Output all of the data below without changing a word, and exclude the pictures.
[[ THE DATA, beginning ]]
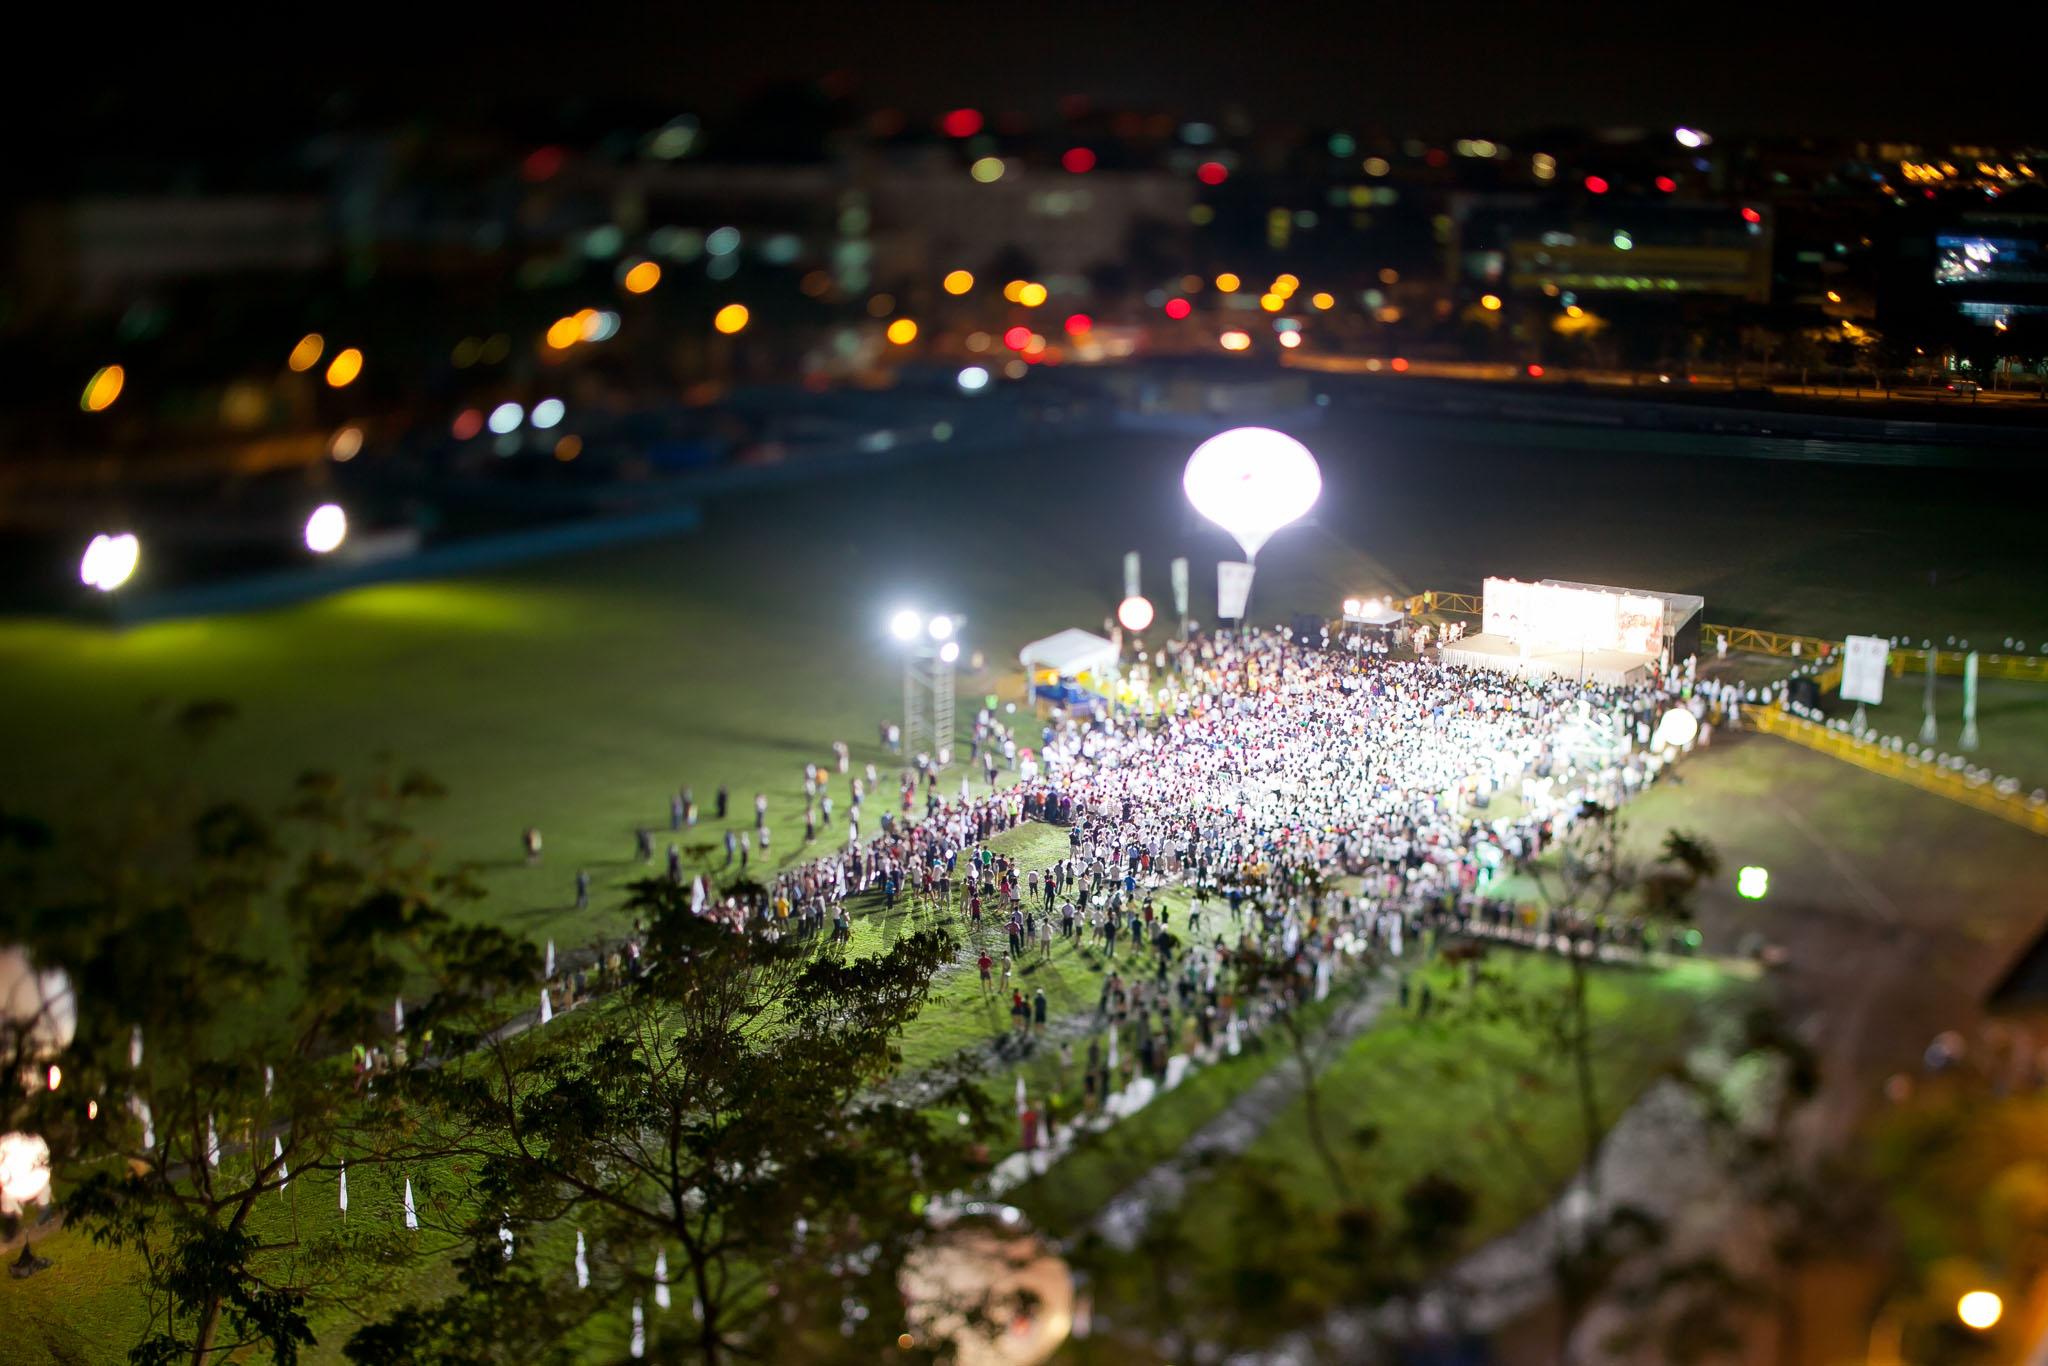 singapore-commercial-photographer-editorial-documentary-tiltshift-singaplural-zakaria-zainal-13.jpg
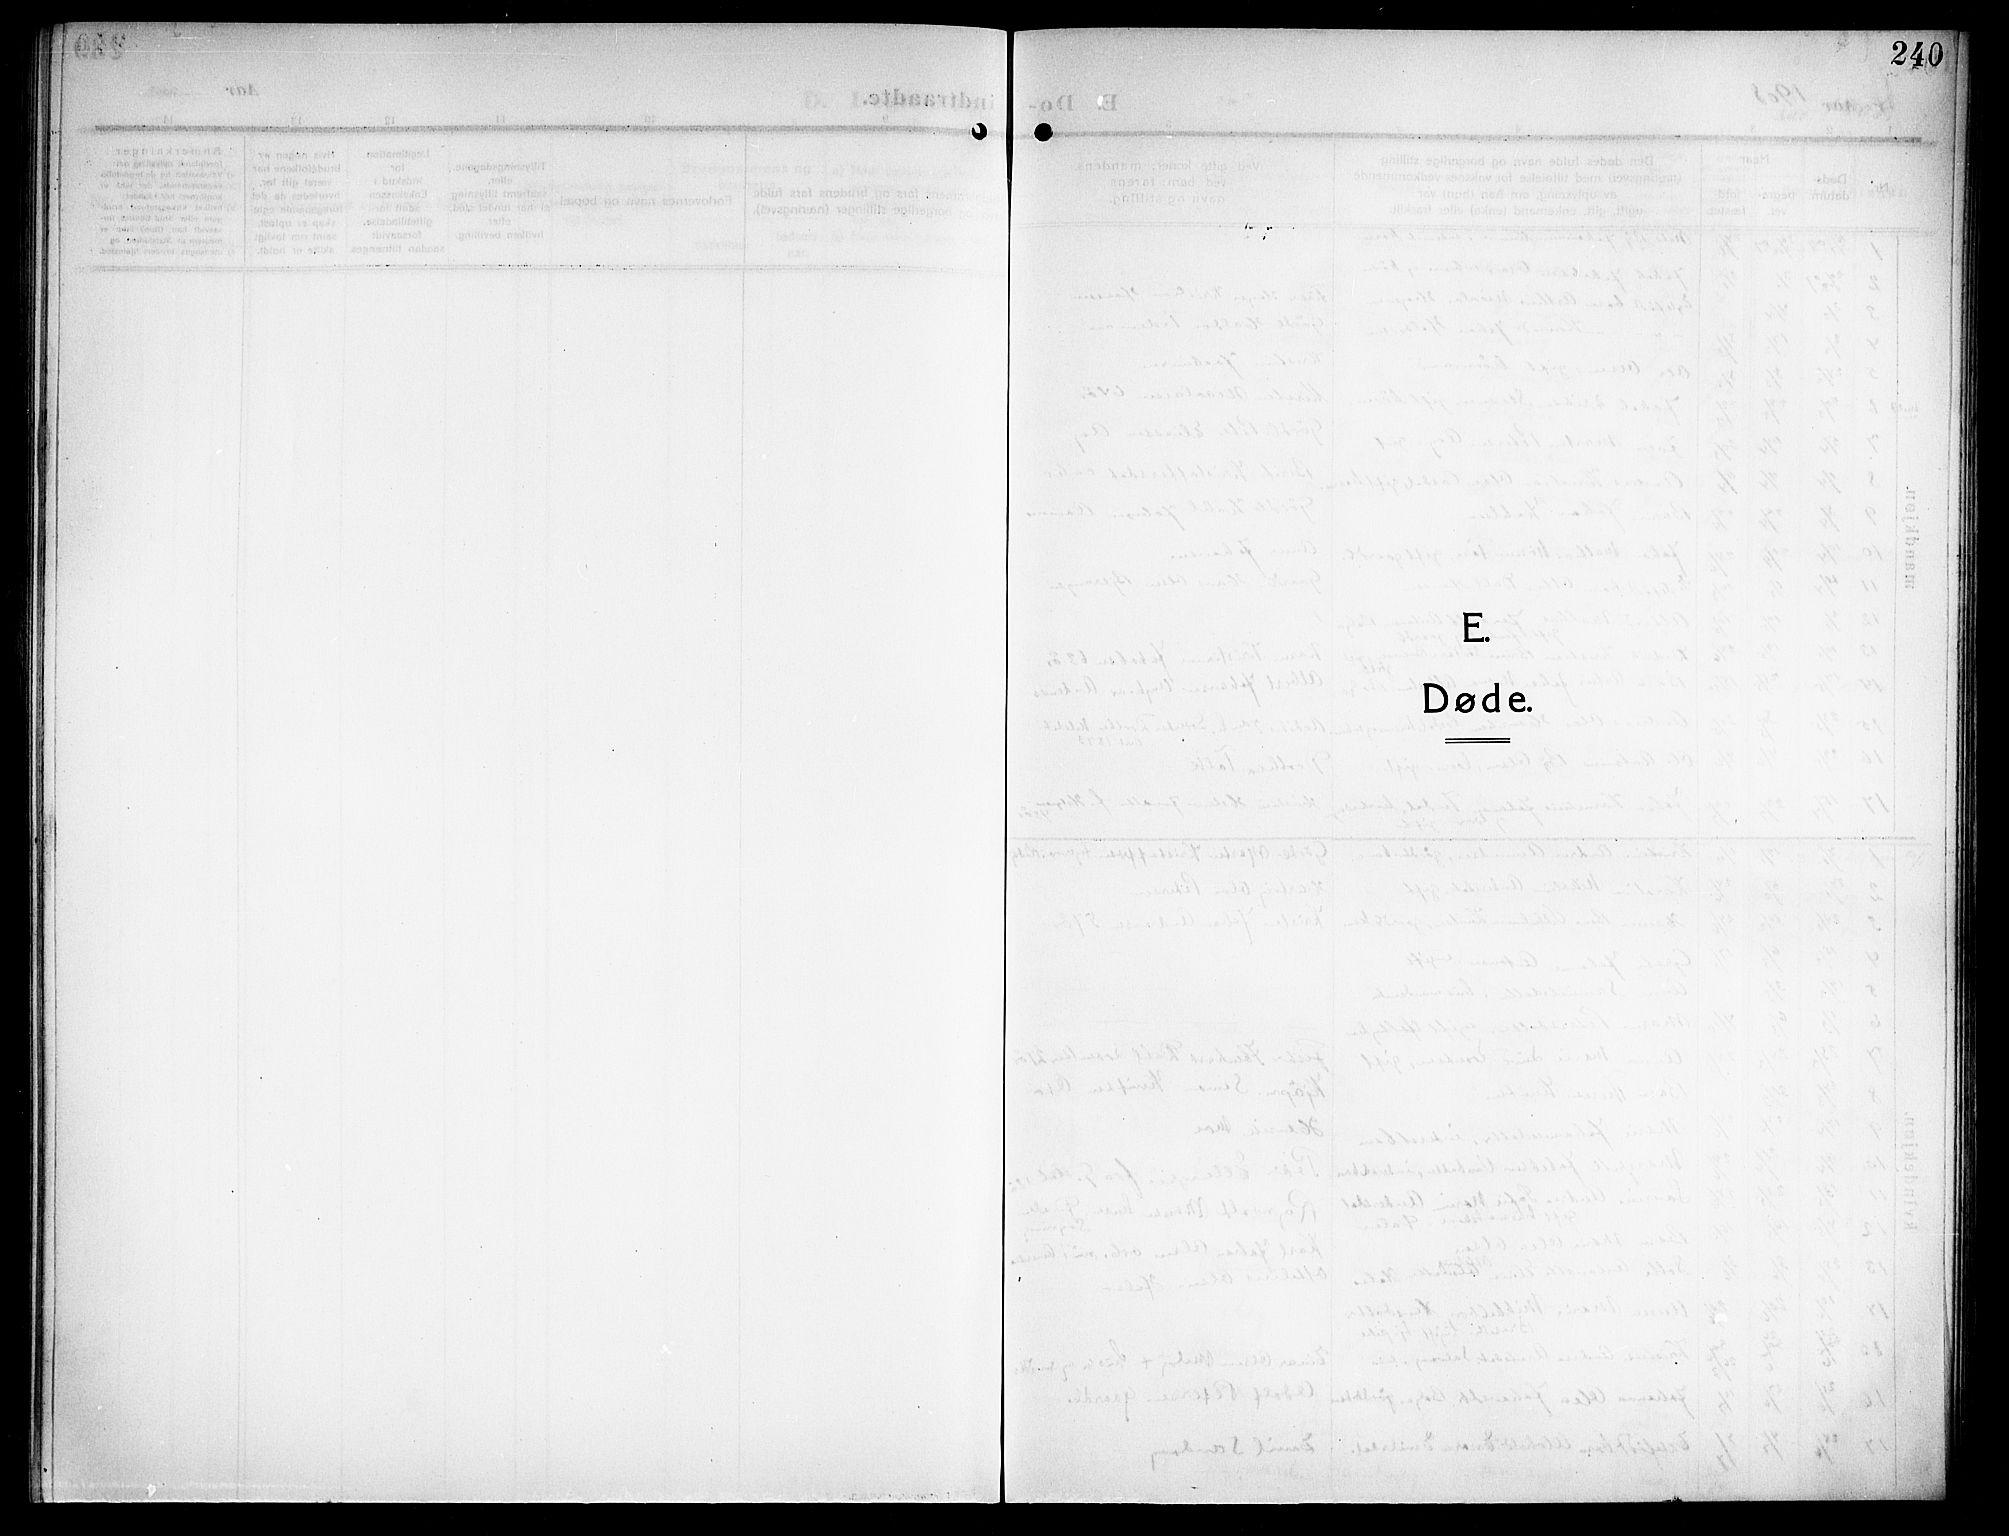 SAT, Ministerialprotokoller, klokkerbøker og fødselsregistre - Nordland, 843/L0639: Klokkerbok nr. 843C08, 1908-1924, s. 240
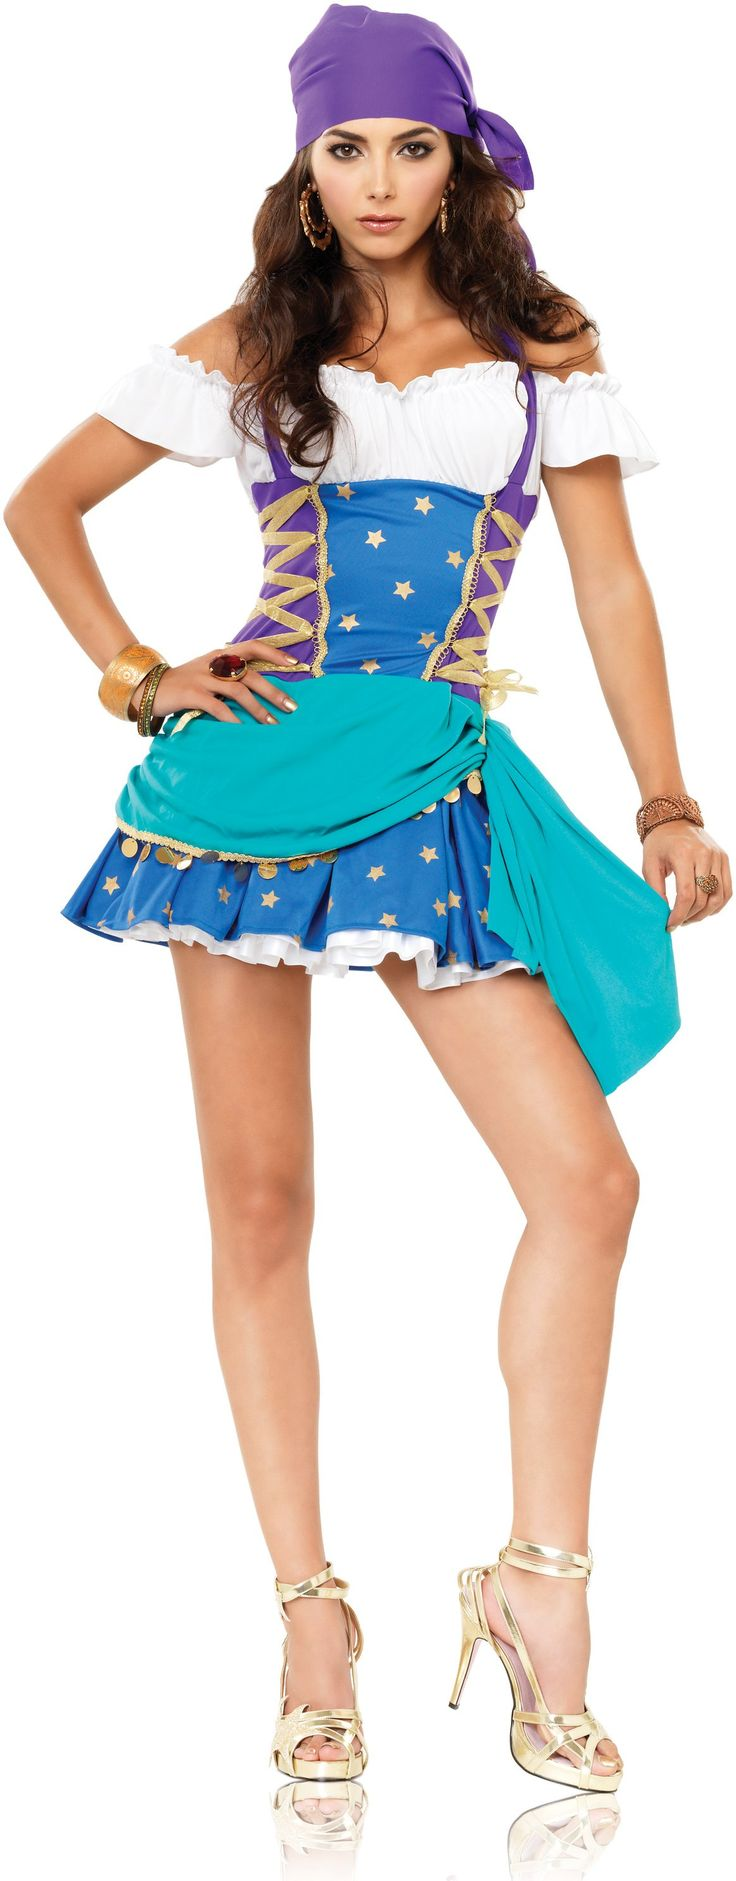 Gypsy Costume: Gypsy Princesses, Halloween Costumes, Adult Costumes, Women Costumes, Princesses Costumes, Legs Avenu, Gypsy Costumes, Costumes Ideas, Halter Dresses
[[ THE DATA, end ]]
• **RESPONSE**:
 singapore-commercial-photographer-editorial-documentary-tiltshift-singaplural-zakaria-zainal-13.jpg
 SAT, Ministerialprotokoller, klokkerbøker og fødselsregistre - Nordland, 843/L0639: Klokkerbok nr. 843C08, 1908-1924, s. 240
 Gypsy Costume: Gypsy Princesses, Halloween Costumes, Adult Costumes, Women Costumes, Princesses Costumes, Legs Avenu, Gypsy Costumes, Costumes Ideas, Halter Dresses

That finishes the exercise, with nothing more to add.